Your objective —
Give the listing below again exactly, but without any of its pictures.

Available data —
-.-.-
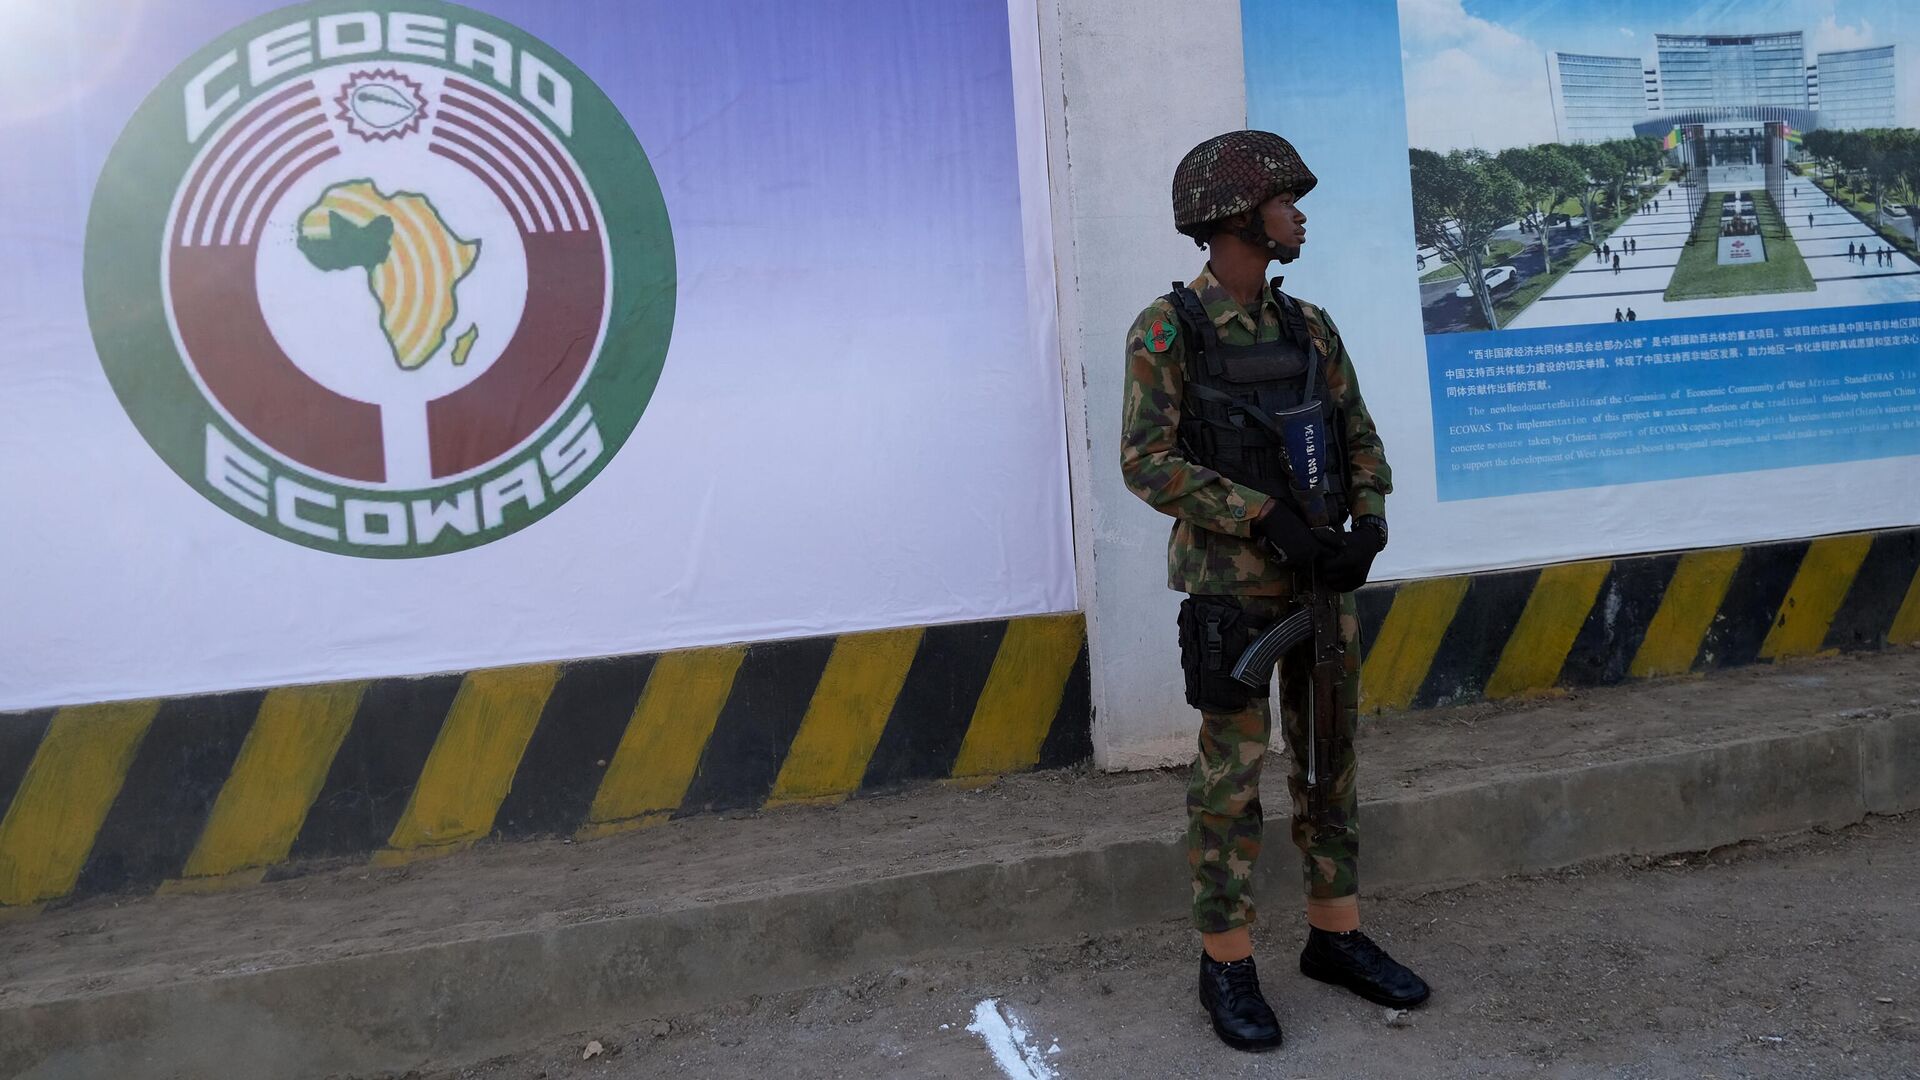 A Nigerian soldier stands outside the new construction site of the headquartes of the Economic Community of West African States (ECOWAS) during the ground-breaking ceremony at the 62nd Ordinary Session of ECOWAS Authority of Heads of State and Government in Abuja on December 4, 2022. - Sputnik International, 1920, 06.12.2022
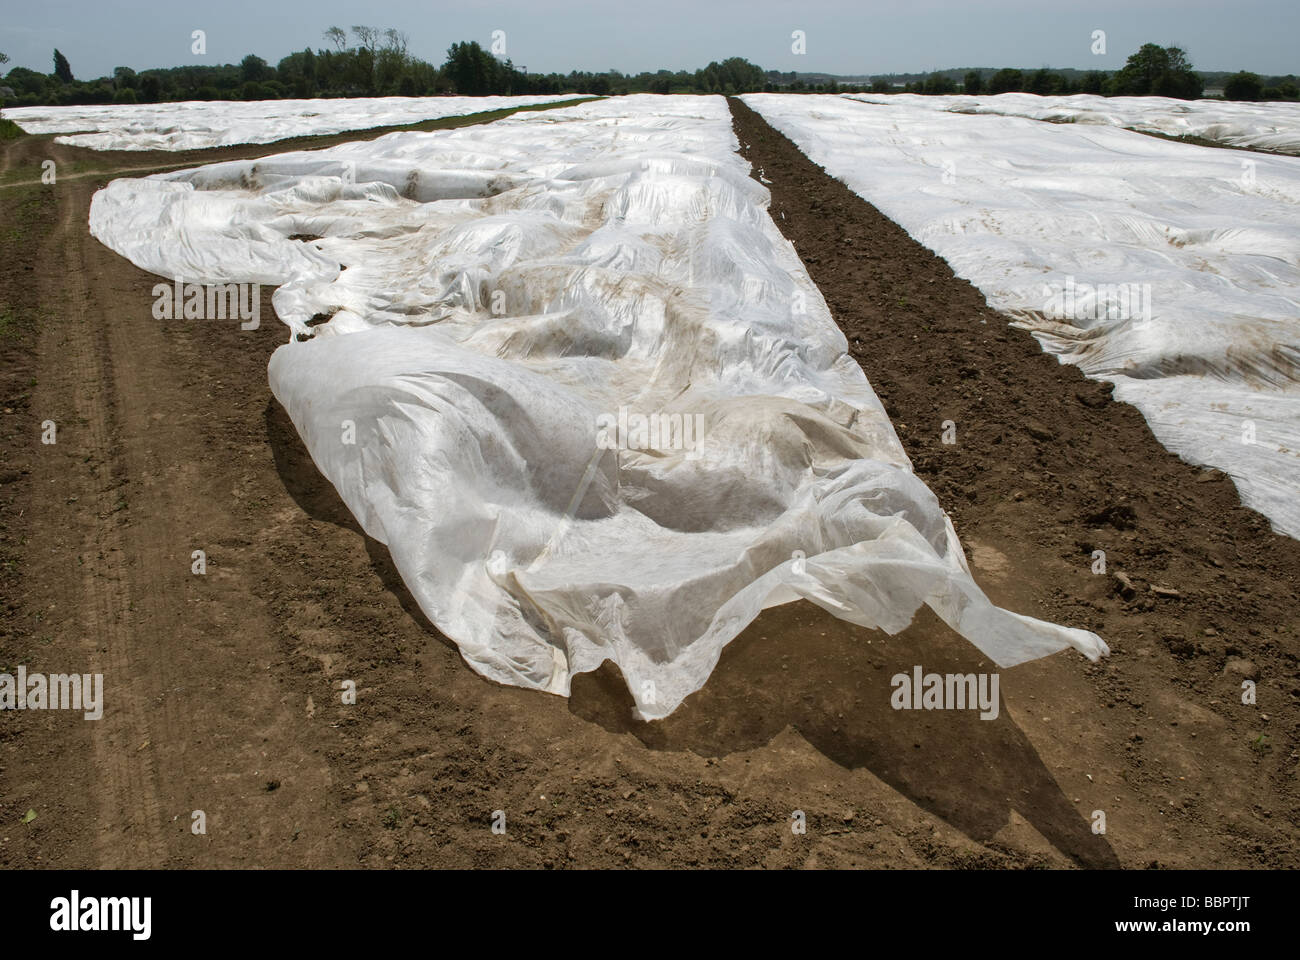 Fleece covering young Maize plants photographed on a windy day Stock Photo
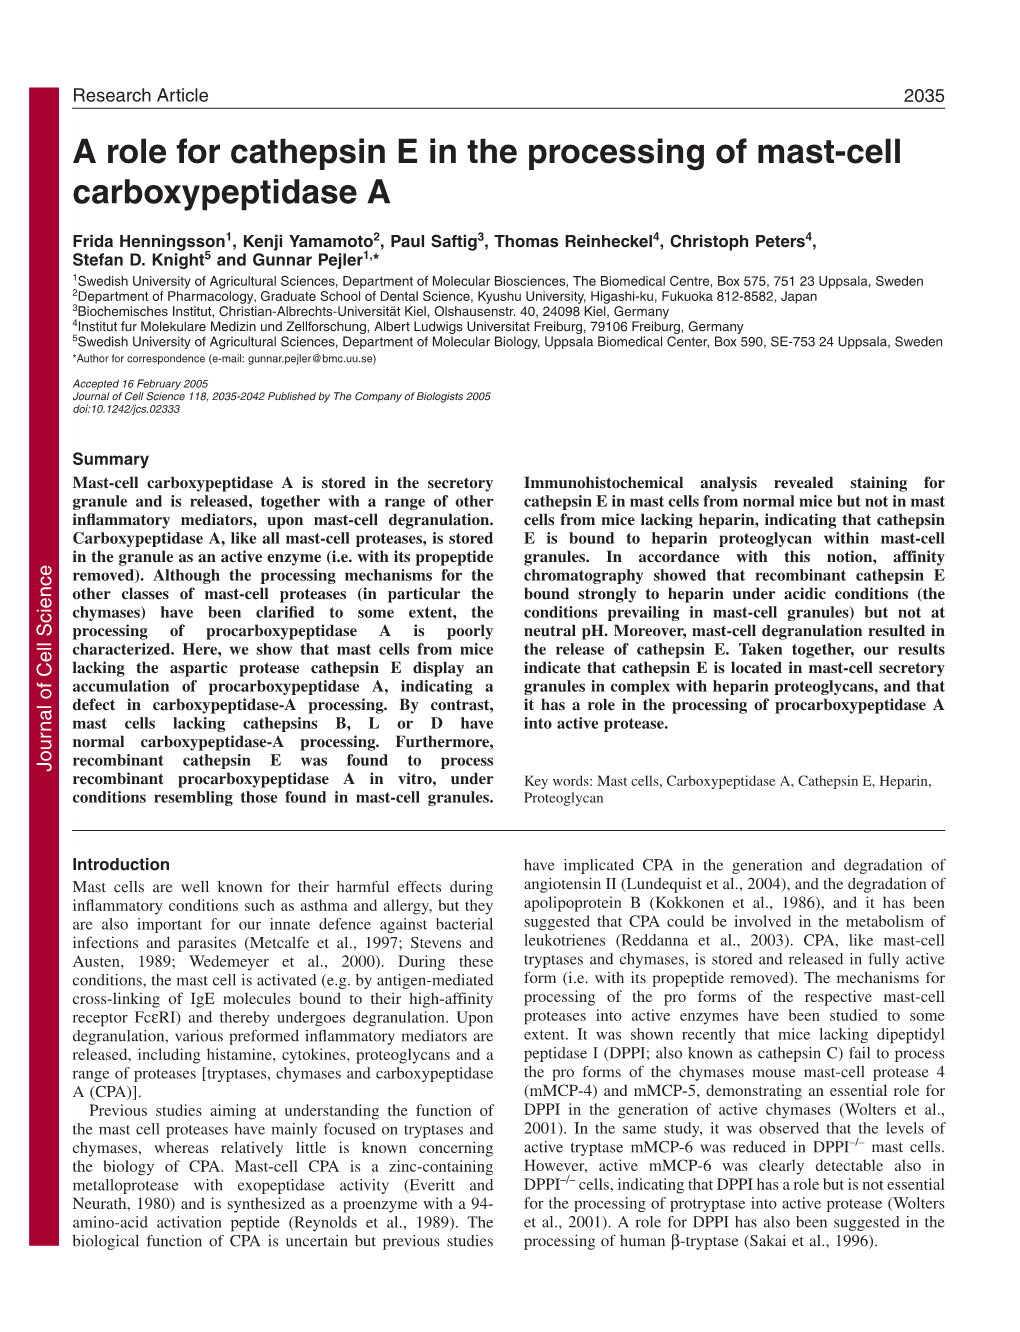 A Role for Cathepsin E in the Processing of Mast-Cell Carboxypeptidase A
-.-.-
Result —
 A Nigerian soldier stands outside the new construction site of the headquartes of the Economic Community of West African States (ECOWAS) during the ground-breaking ceremony at the 62nd Ordinary Session of ECOWAS Authority of Heads of State and Government in Abuja on December 4, 2022. - Sputnik International, 1920, 06.12.2022
 Fleece covering young Maize plants photographed on a windy day Stock Photo
 A Role for Cathepsin E in the Processing of Mast-Cell Carboxypeptidase A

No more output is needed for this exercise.